Using your custom provider

Pass an instance of your provider to Composio, and every tool you fetch comes back in your format.

Non-agentic provider

You drive the loop: fetch tools, send them to the platform, then hand the response back to the provider to execute the calls.

from composio import Composio
from composio_myai import MyAIProvider
from myai import MyAIClient  # Your AI platform's client

# Initialize tools
myai_client = MyAIClient()
composio = Composio(provider=MyAIProvider())

# Define task
task = "Star a repo composiohq/composio on GitHub"

# Get GitHub tools that are pre-configured
tools = composio.tools.get(user_id="default", toolkits=["GITHUB"])

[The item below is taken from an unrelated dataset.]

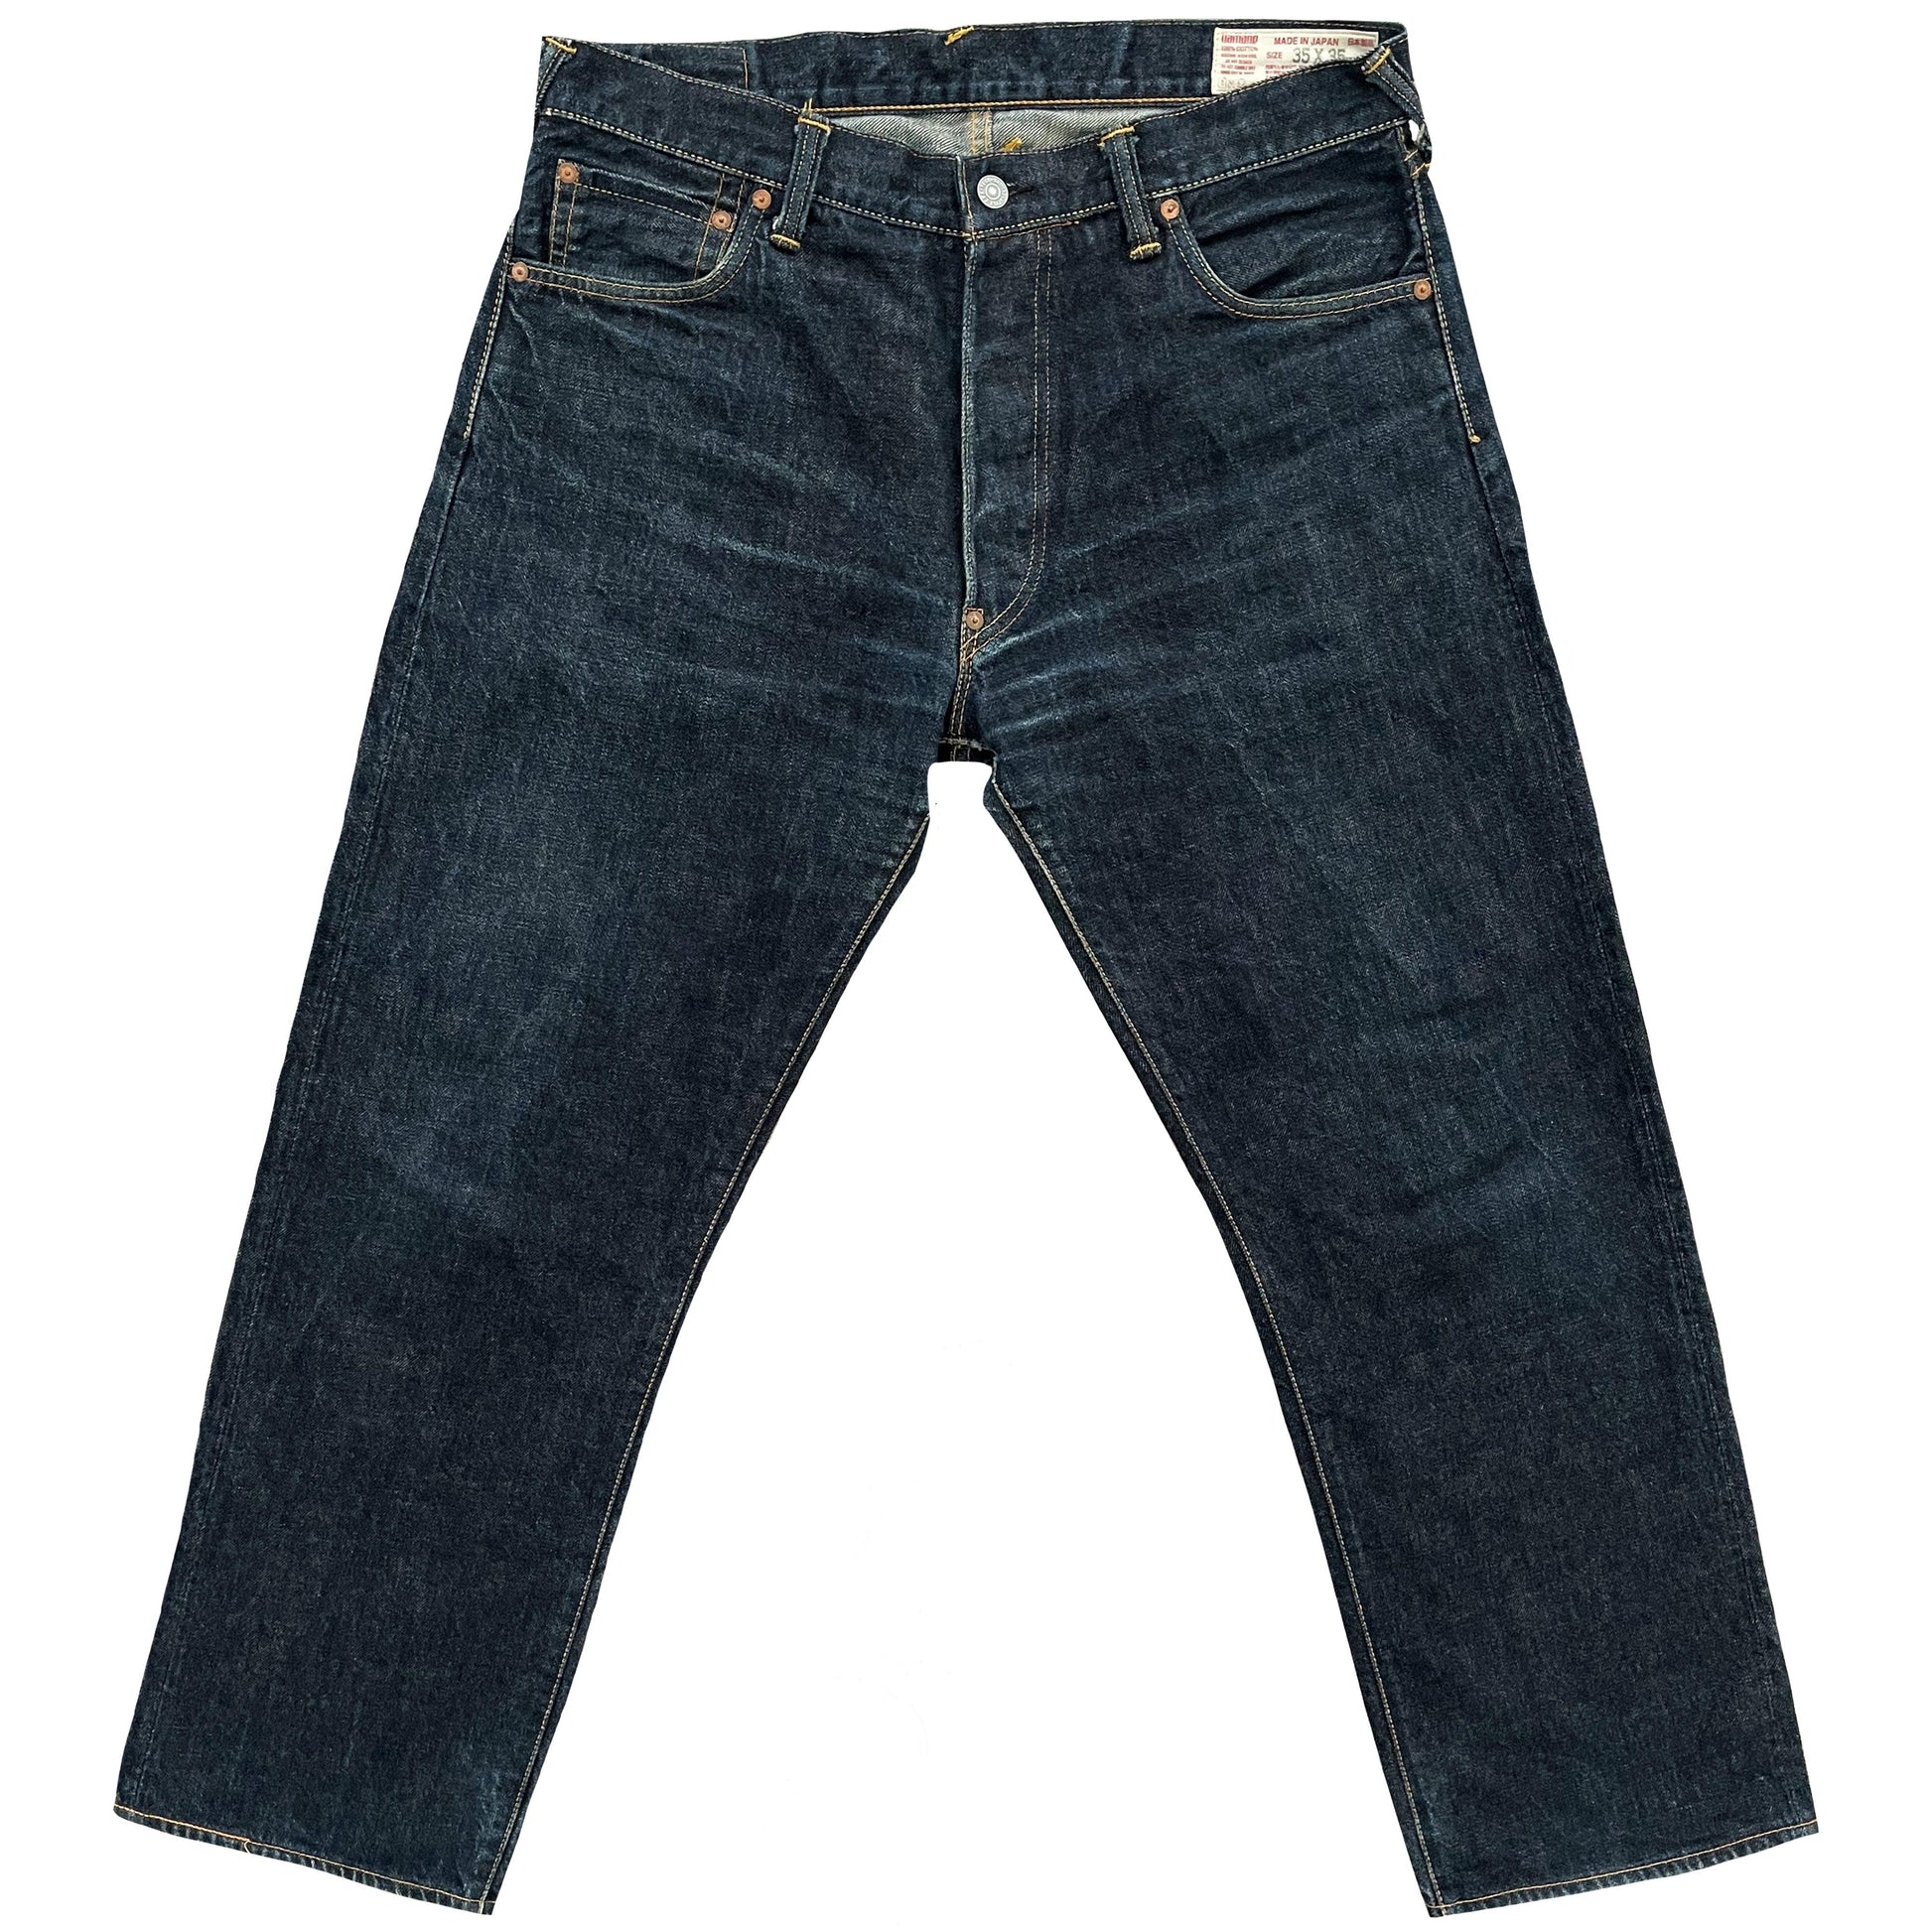 Evisu Blue Daicock Jeans - Known Source
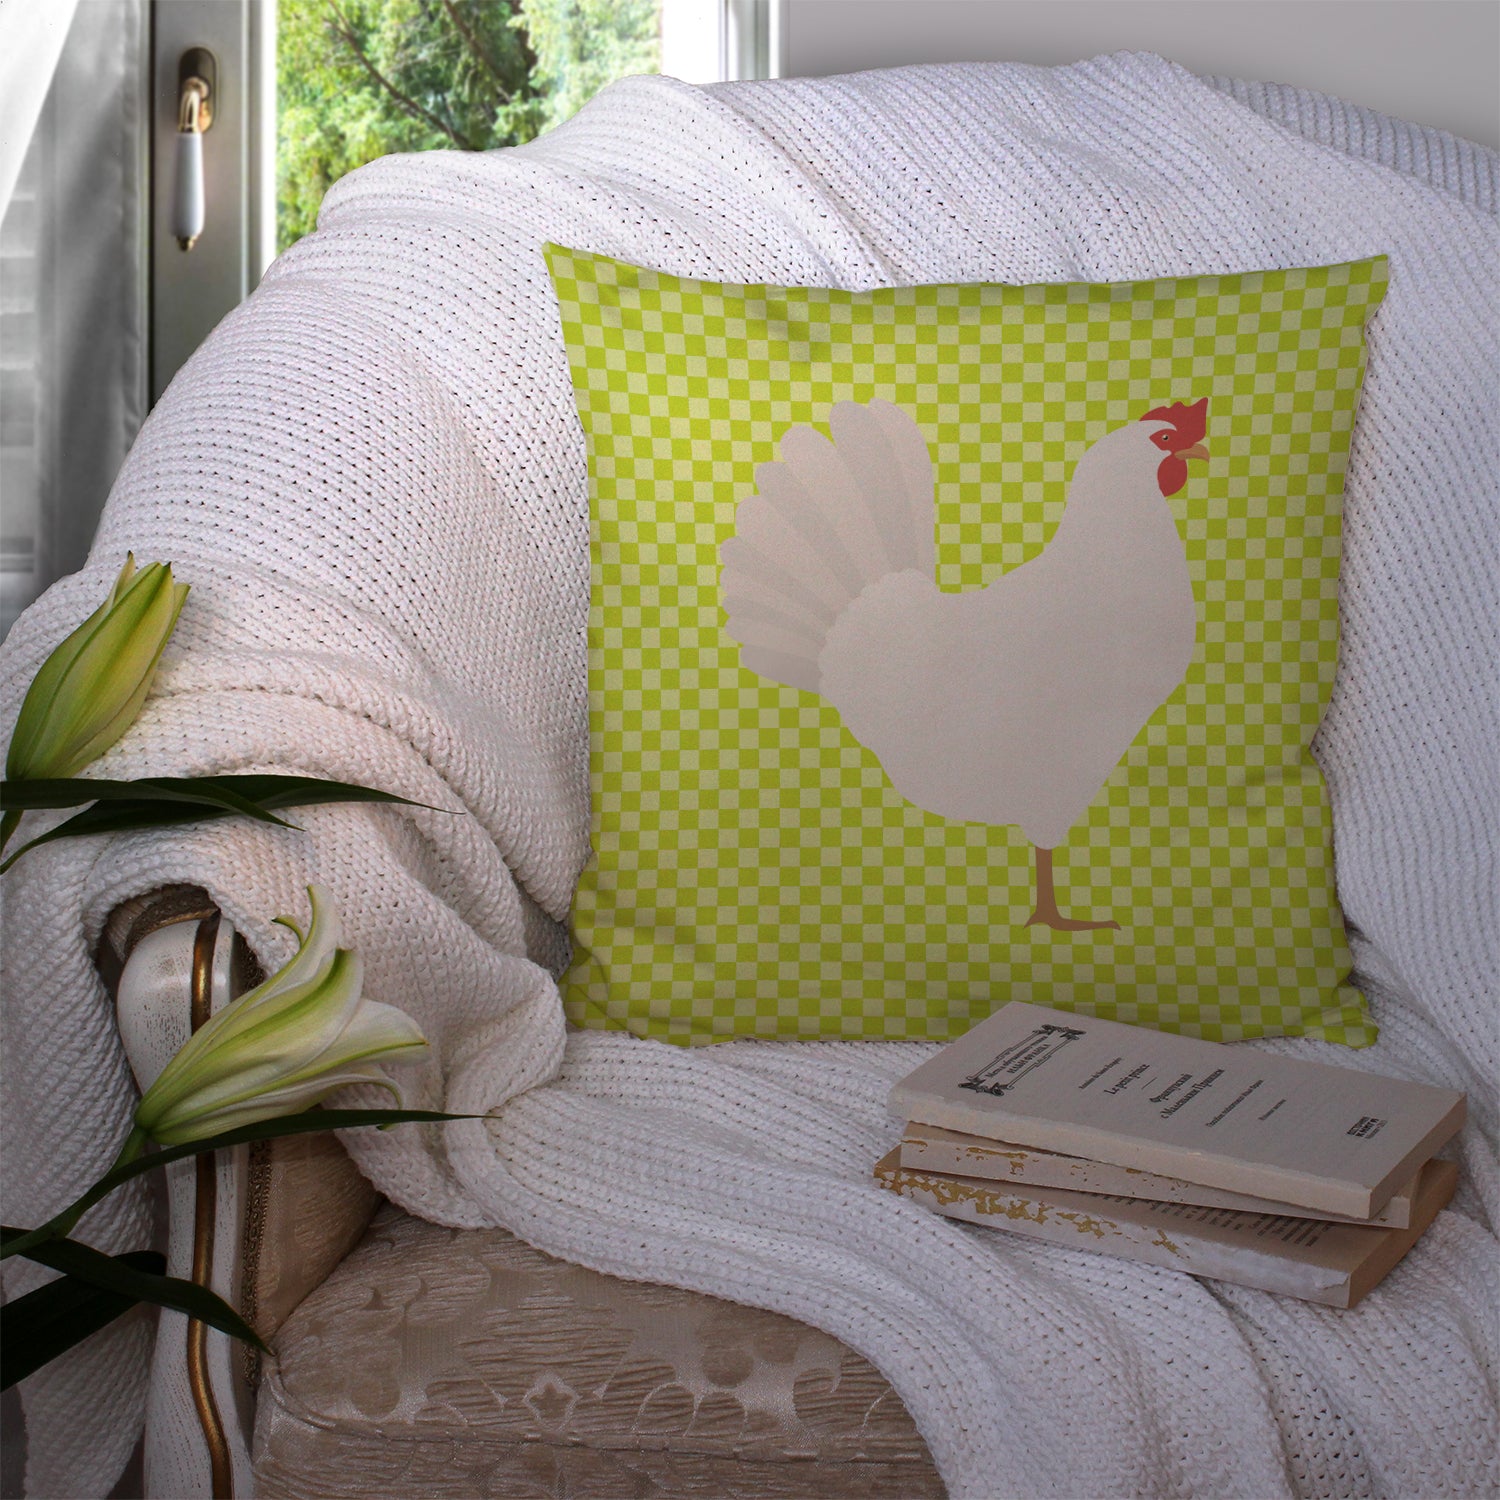 Leghorn Chicken Green Fabric Decorative Pillow BB7666PW1414 - the-store.com

# Get response from your AI platform (example)
response = myai_client.chat.completions.create(
    model="your-model",
    tools=tools,  # These are in your platform's format
    messages=[
        {"role": "system", "content": "You are a helpful assistant."},
        {"role": "user", "content": task},
    ],
)
print(response)

# Execute the function calls
result = composio.provider.handle_tool_calls(response=response, user_id="default")
print(result)

Agentic provider

The framework runs the loop. Fetch tools, attach them to an agent, and the agent calls them itself.

import asyncio
from agents import Agent, Runner
from composio_myagent import MyAgentProvider
from composio import Composio

# Initialize Composio toolset
composio = Composio(provider=MyAgentProvider())

# Get all the tools
tools = composio.tools.get(
    user_id="default",
    tools=["GITHUB_STAR_A_REPOSITORY_FOR_THE_AUTHENTICATED_USER"],
)

# Create an agent with the tools
agent = Agent(
    name="GitHub Agent",
    instructions="You are a helpful assistant that helps users with GitHub tasks.",
    tools=tools,
)

# Run the agent
async def main():
    result = await Runner.run(
        starting_agent=agent,
        input=(
            "Star the repository composiohq/composio on GitHub. If done "
            "successfully, respond with 'Action executed successfully'"
        ),
    )
    print(result.final_output)

asyncio.run(main())

Best practices

  • Keep providers focused: each provider integrates with one platform.
  • Handle errors gracefully: catch and transform errors from tool execution.
  • Follow platform conventions: adopt the naming and structure of the target platform.
  • Use type annotations: lean on Python's typing for IDE support and documentation.
  • Cache transformed tools: store transformed tools when it helps performance.
  • Add helper methods: provide convenient methods for common platform operations.
  • Document your provider: include docstrings and usage examples.
  • Set a meaningful provider name: the name parameter is used for telemetry and debugging.